A Rodrigo Duterte was bound to happen in the kind of society that we have.

What has brought him about, and accelerated the electrification to life of this political Frankenstein monster in this year’s elections was the extreme hypocrisy, incompetence and apathy toward the poor of a Benigno S. Aquino regime. Yes, none other than this President and his rich yellow legion – they who never curse but quietly send their enemies to jail.

Duterte is tapping into the masses’ outrage against the ruling elite, their huge disappointment that the Manila-based EDSA I had not meant anything to their lives through the past three decades.
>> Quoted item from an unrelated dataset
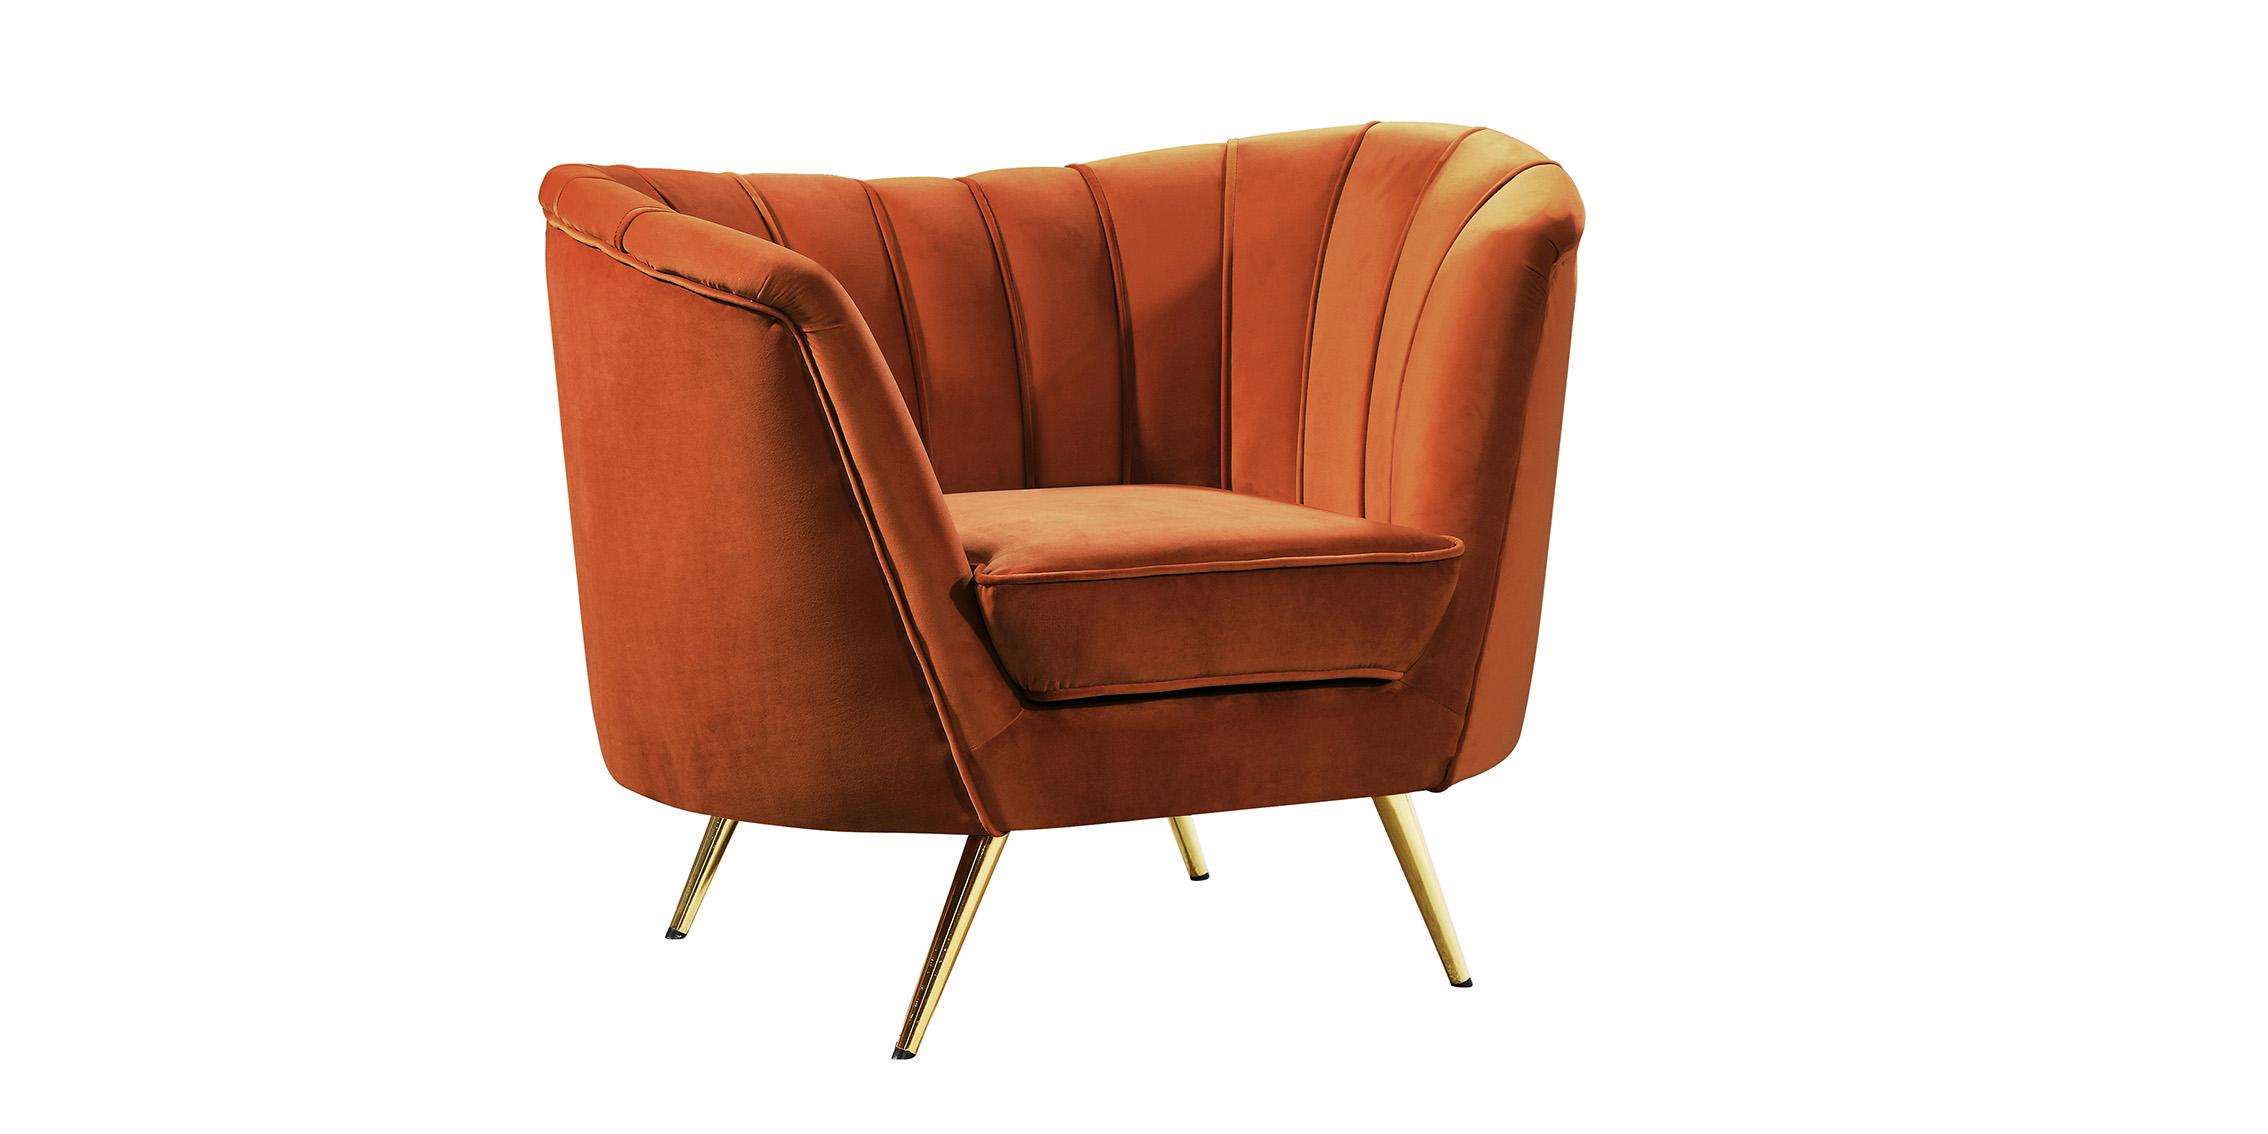 Contemporary, Modern Arm Chair Margo 622Cognac-C 622Cognac-C in Orange Velvet

Duterte’s putanginas are what poor hacienda tenants and underpaid shopping mall sales clerks have kept buried in their chests and would have loved to spit out in their masters’ faces.

Duterte with his tool of discourse, and international coverage of his governance style
Duterte with his tool of discourse, and international coverage of his governance style

The lower classes – those who have to commute by jeepneys and are, thus, prone to holdups, or whose hard-earned cash is snatched in some dark alley as they walk home from work – are the most helpless victims of street criminals. If your meager, hard-earned income were snatched away by a pickpocket, wouldn’t you wish that criminal shot dead immediately, without going through the time-consuming, expensive, due process of law?
That is exactly what Duterte promises he will do.
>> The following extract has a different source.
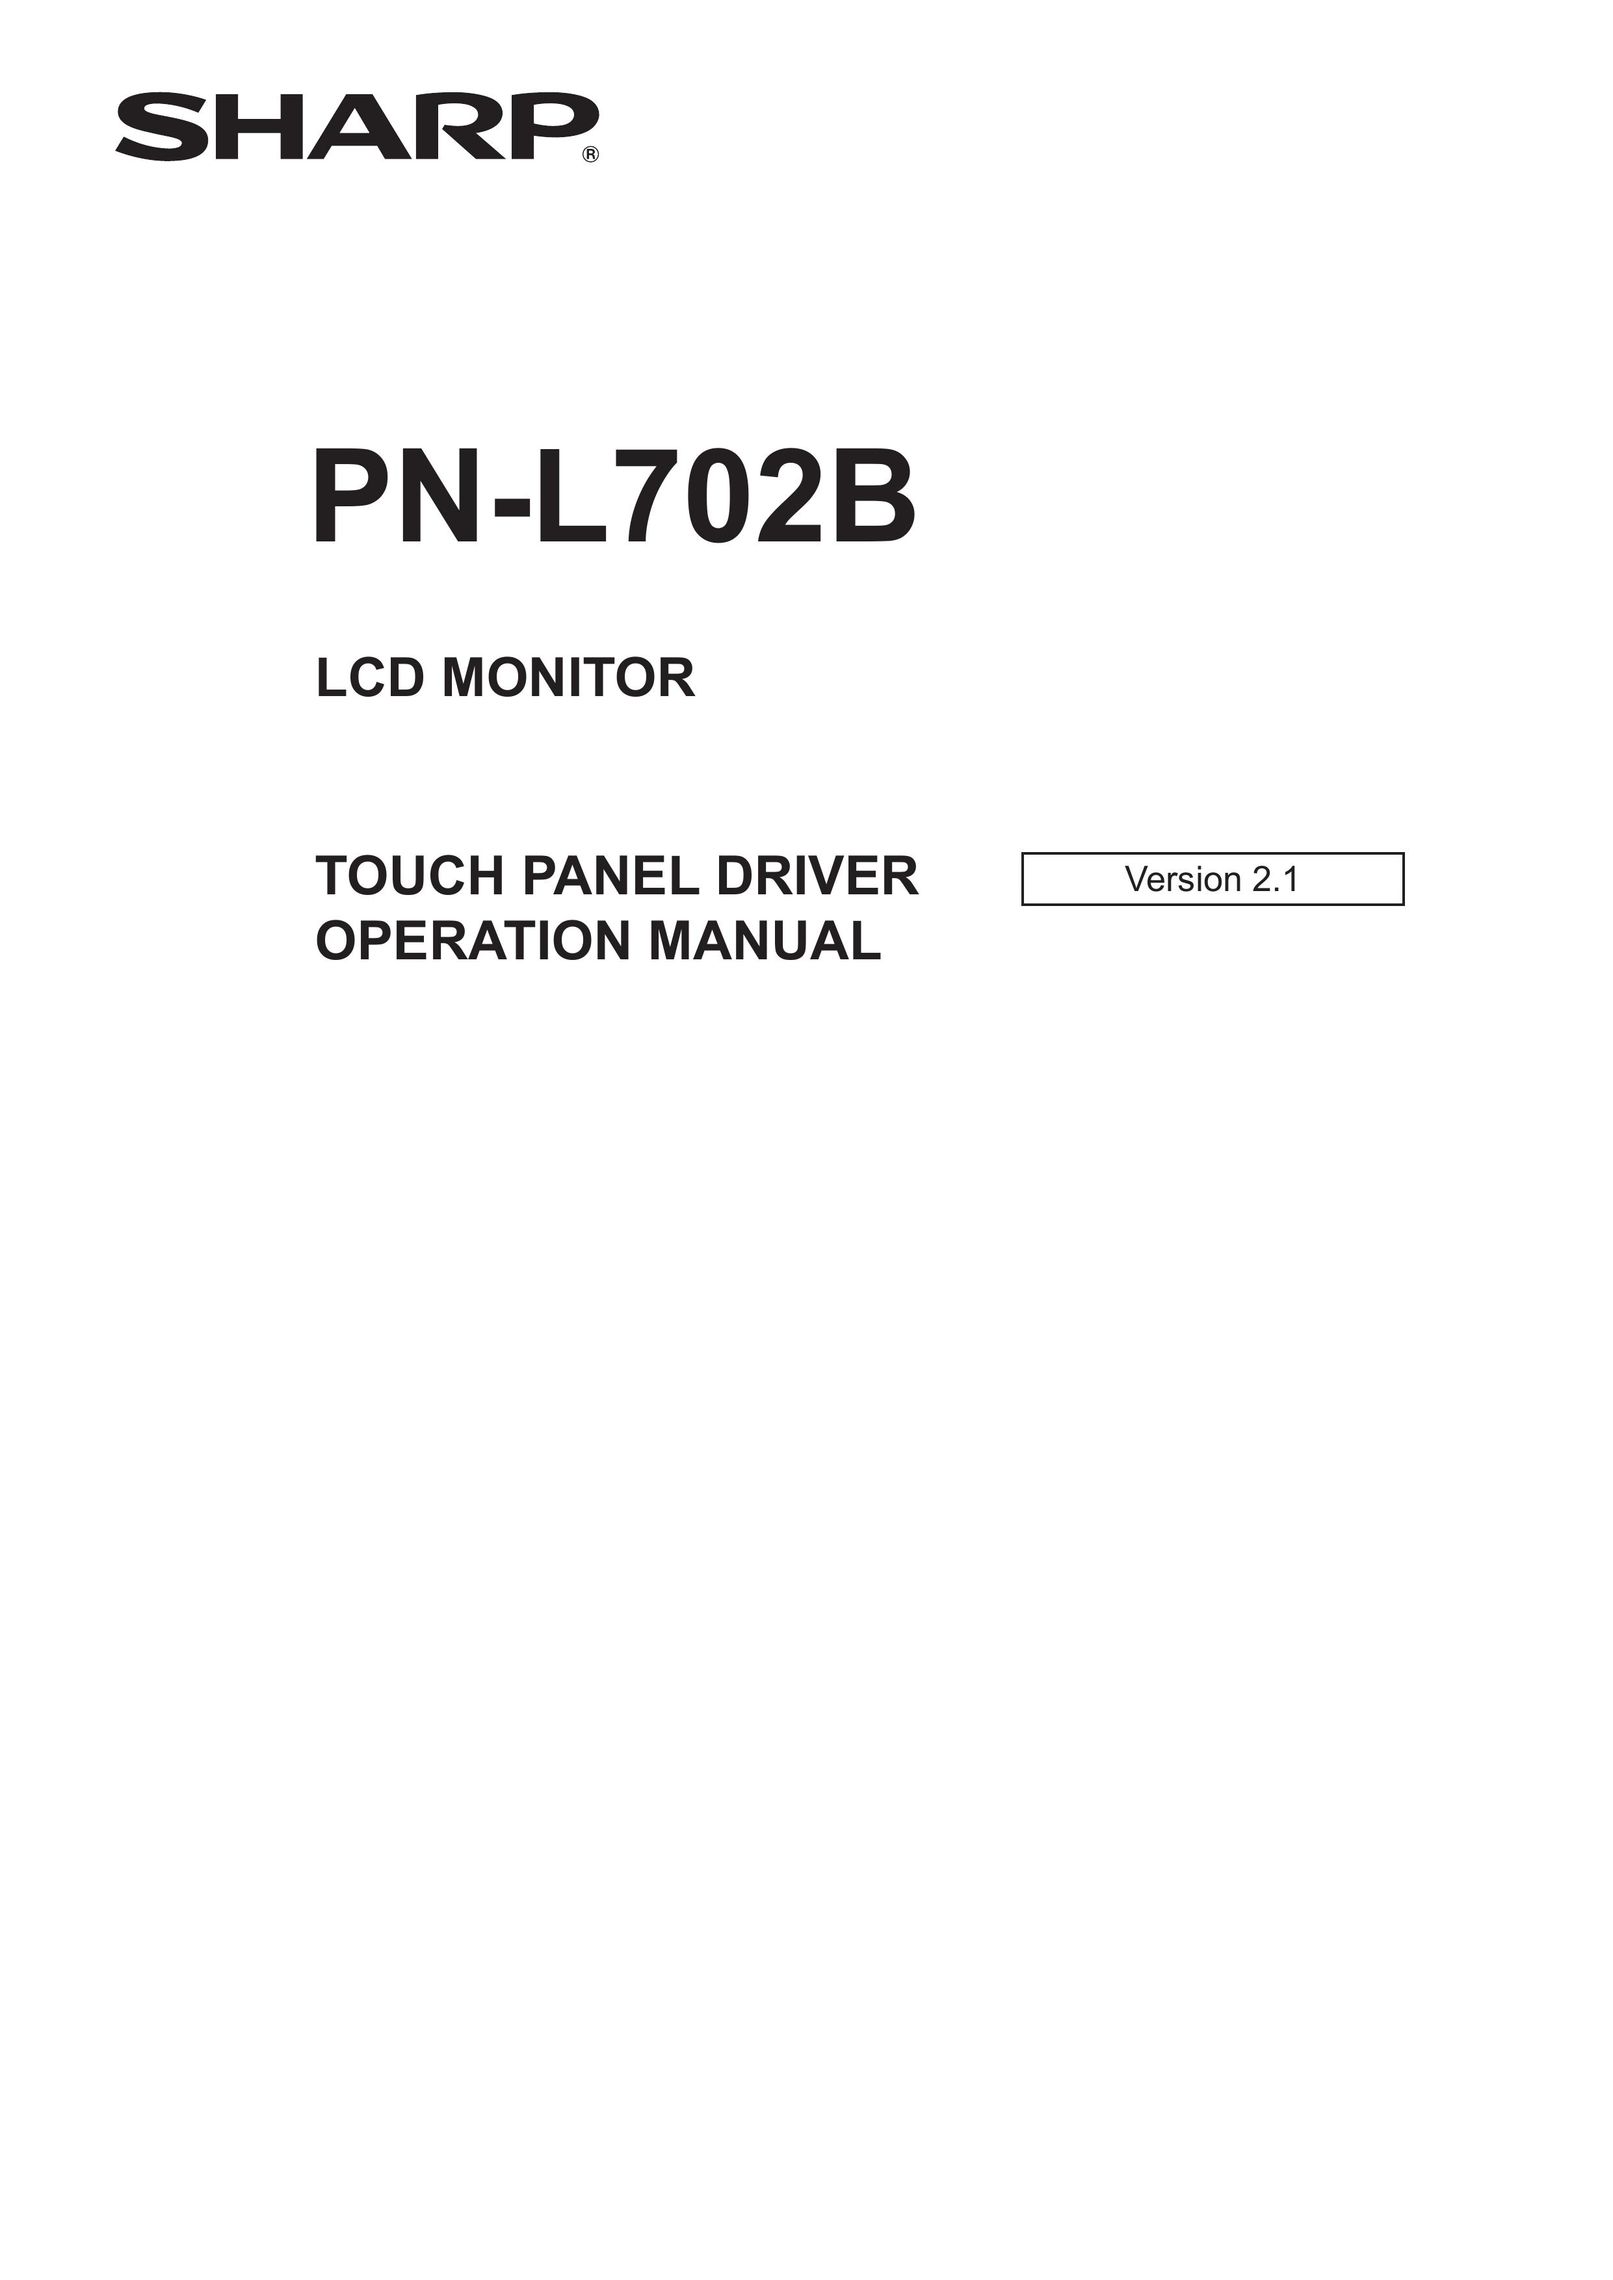 Sharp PN-L702B Computer Monitor User Manual

However, in any other civilized nation on earth, Duterte’s kind who seeks the presidency would immediately get a good kick in the ass out the door, laughed at, or thrown into an asylum, except, of course, in an ISIS state if he happens to volunteer to kill criminals himself according to the Koran. Only in the Philippines – again that cliché – but it’s so true, can an admitted killer of humans be allowed to run for the presidency.

Duterte, essentially, is a leap backward into barbarism, from the dark clutches of which it took centuries for humanity to extricate itself.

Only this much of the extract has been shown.